The endothermic curve measured at a heating rate of / min has one or more endothermic peaks, and the highest peak point among the one or more endothermic peaks is A, and a perpendicular line from the point A to the temperature axis is A point that intersects with the base line of the endothermic curve is B, and a point that internally divides the perpendicular line segment AB at 9: 1 is C. A straight line parallel to the temperature axis passing through C intersects the endothermic curve at the lowest temperature side. D is the point at which the highest temperature intersects, and E is the point where the highest temperature crosses, the temperature width indicated by the length of the line segment DE is 20 ° C. or more, the average cell diameter is 10 μm or less, and the expansion ratio is 2 or more. A thermoplastic resin foam having a size of 40 times or less. 2. Use of a differential scanning calorimeter (DSC) at 10 ° C.
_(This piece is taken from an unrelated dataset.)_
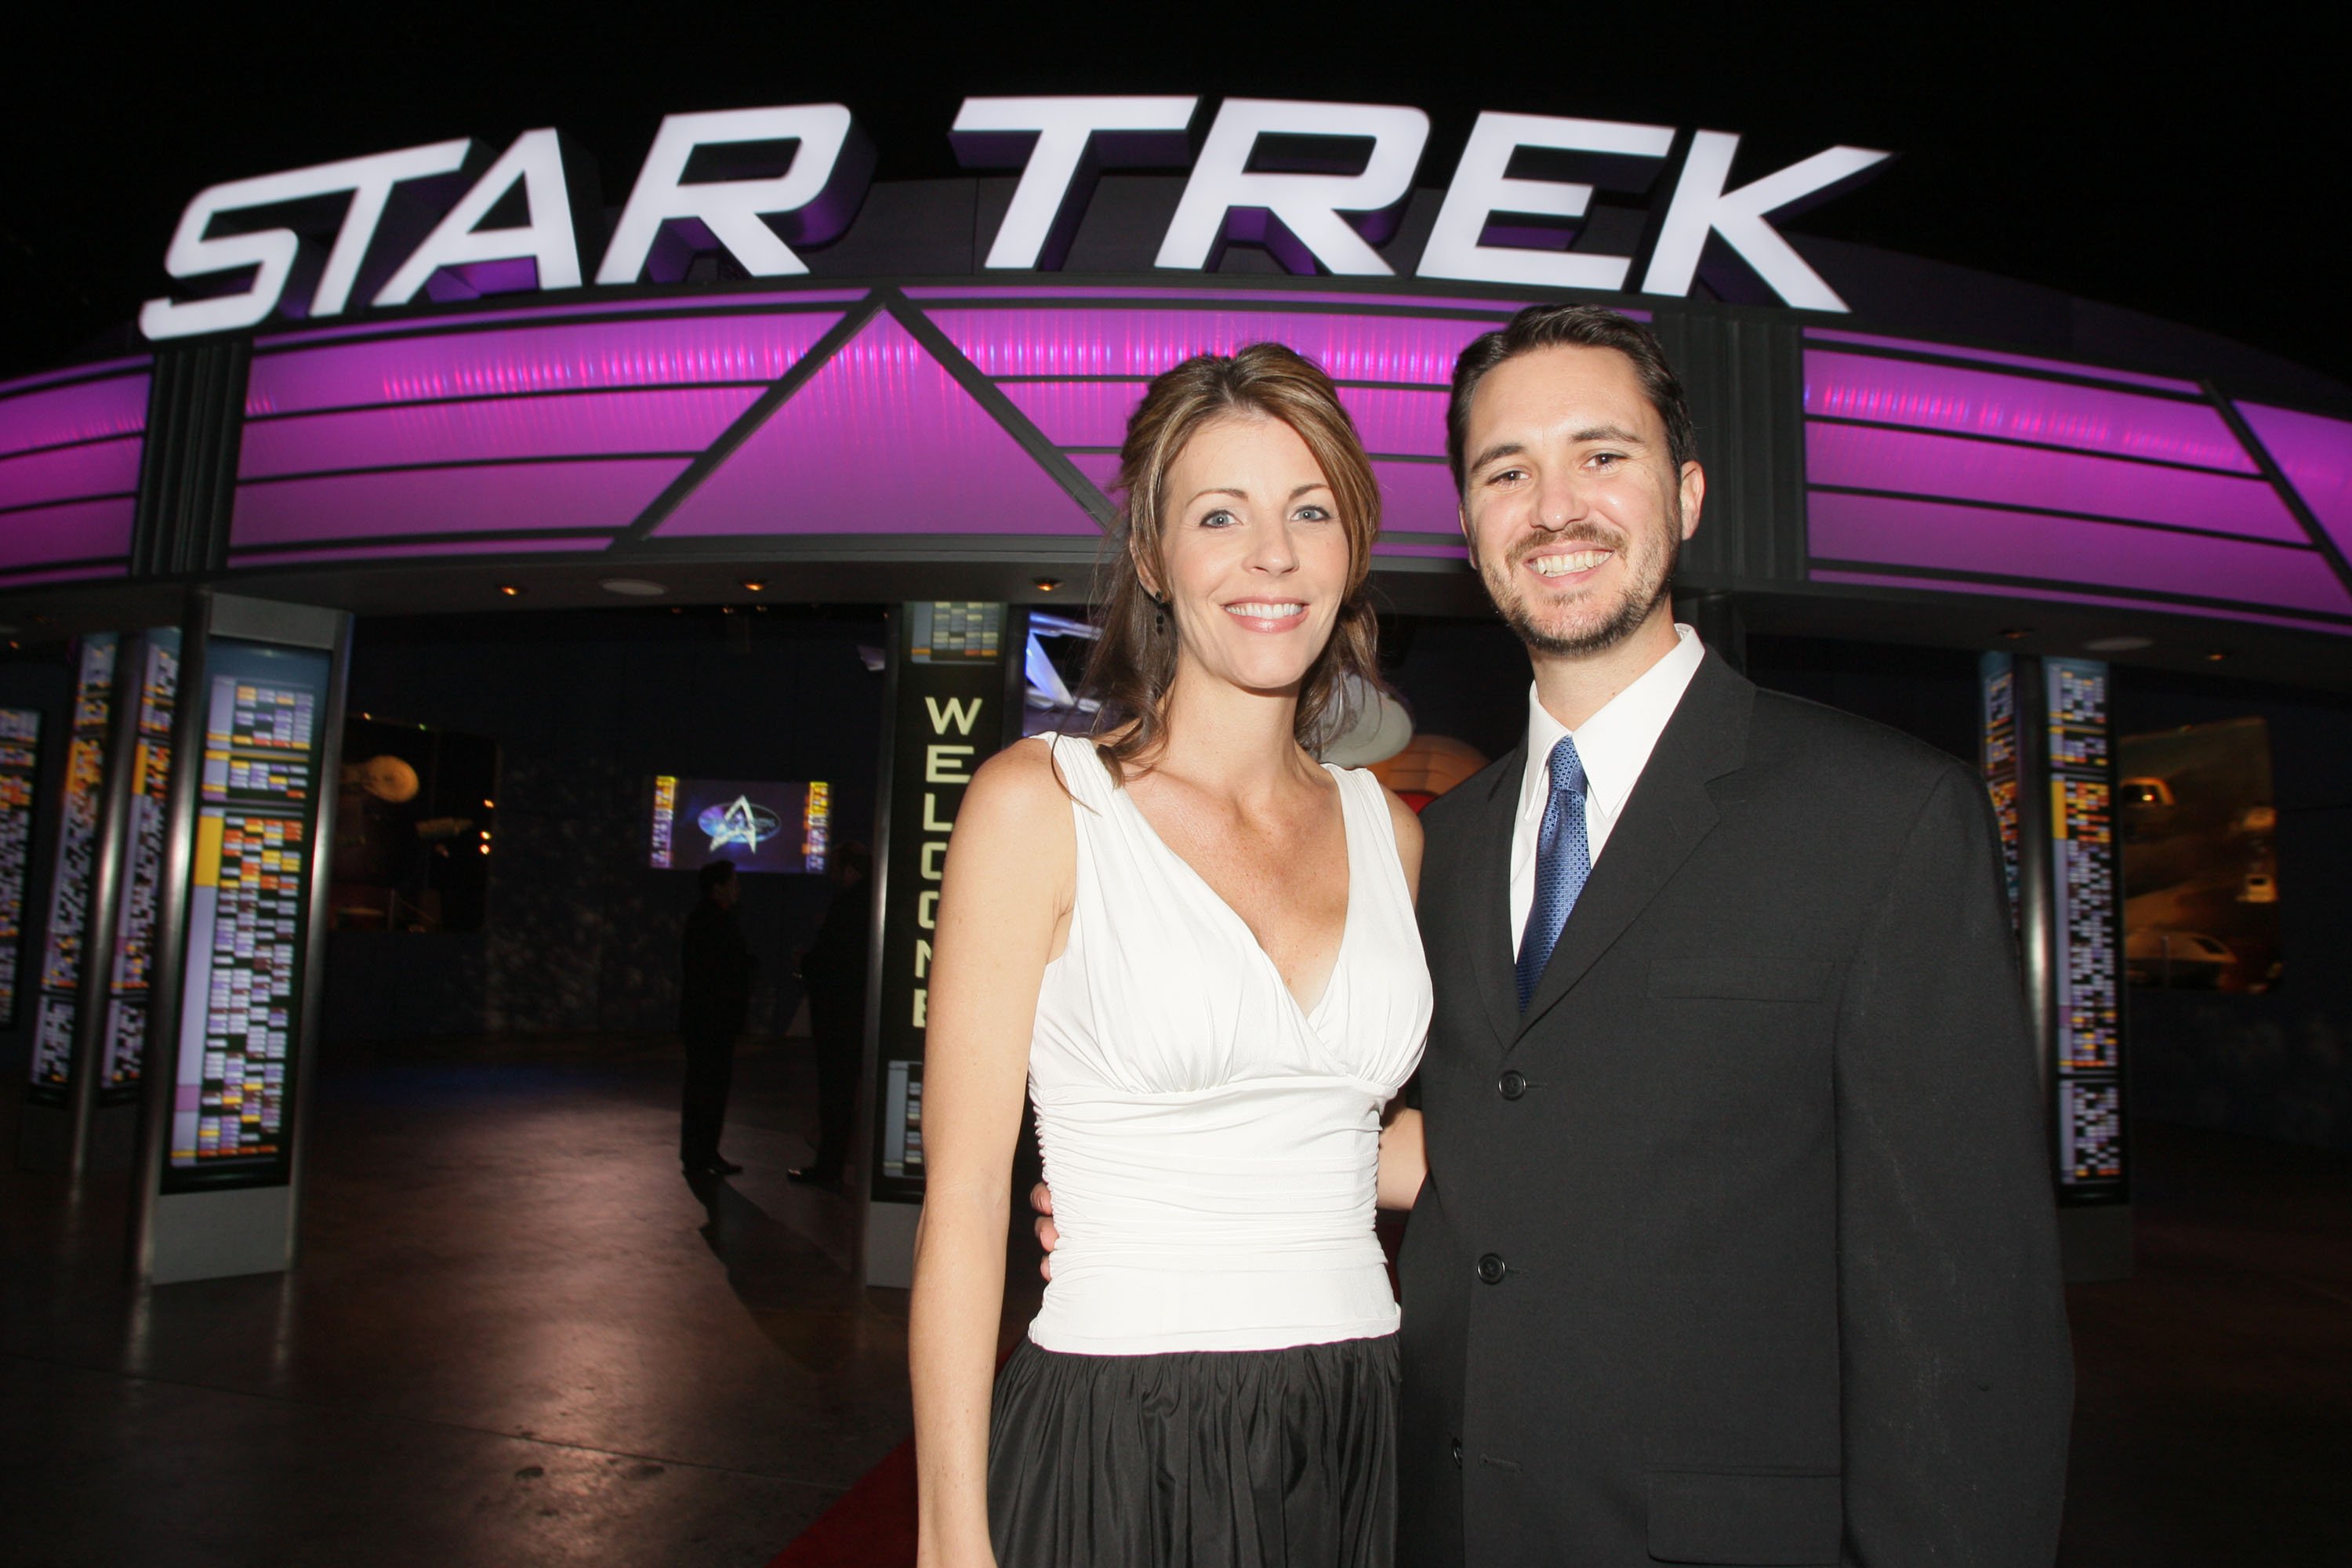 Wil and Anne Wheaton attend the Star Trek "The Tour" - North American Debut held at the Queen Mary Dome on January 17, 2008 | Source: Getty Images

The endothermic curve measured at a heating rate of / min has one or more endothermic peaks, and the highest peak point among the one or more endothermic peaks is A, and a perpendicular line from the point A to the temperature axis is A point that intersects with the base line of the endothermic curve is B, and a point that internally divides the perpendicular line segment AB at 9: 1 is C. A straight line parallel to the temperature axis passing through C intersects the endothermic curve at the lowest temperature side. Where D is the point of intersection and E is the point of intersection at the highest temperature, the critical temperature of the material to be impregnated into the crystalline thermoplastic resin having a temperature width indicated by the length of the line segment DE of 20 ° C. or more. A step of impregnating a fluid of the substance under a pressure equal to or higher than a pressure, and a step of releasing the crystalline thermoplastic resin impregnated with the substance from the pressurized state. Manufacturing method. 3. The method according to claim 2, wherein the step of releasing from the pressurized state is performed while the crystalline thermoplastic resin is at or below its melting point.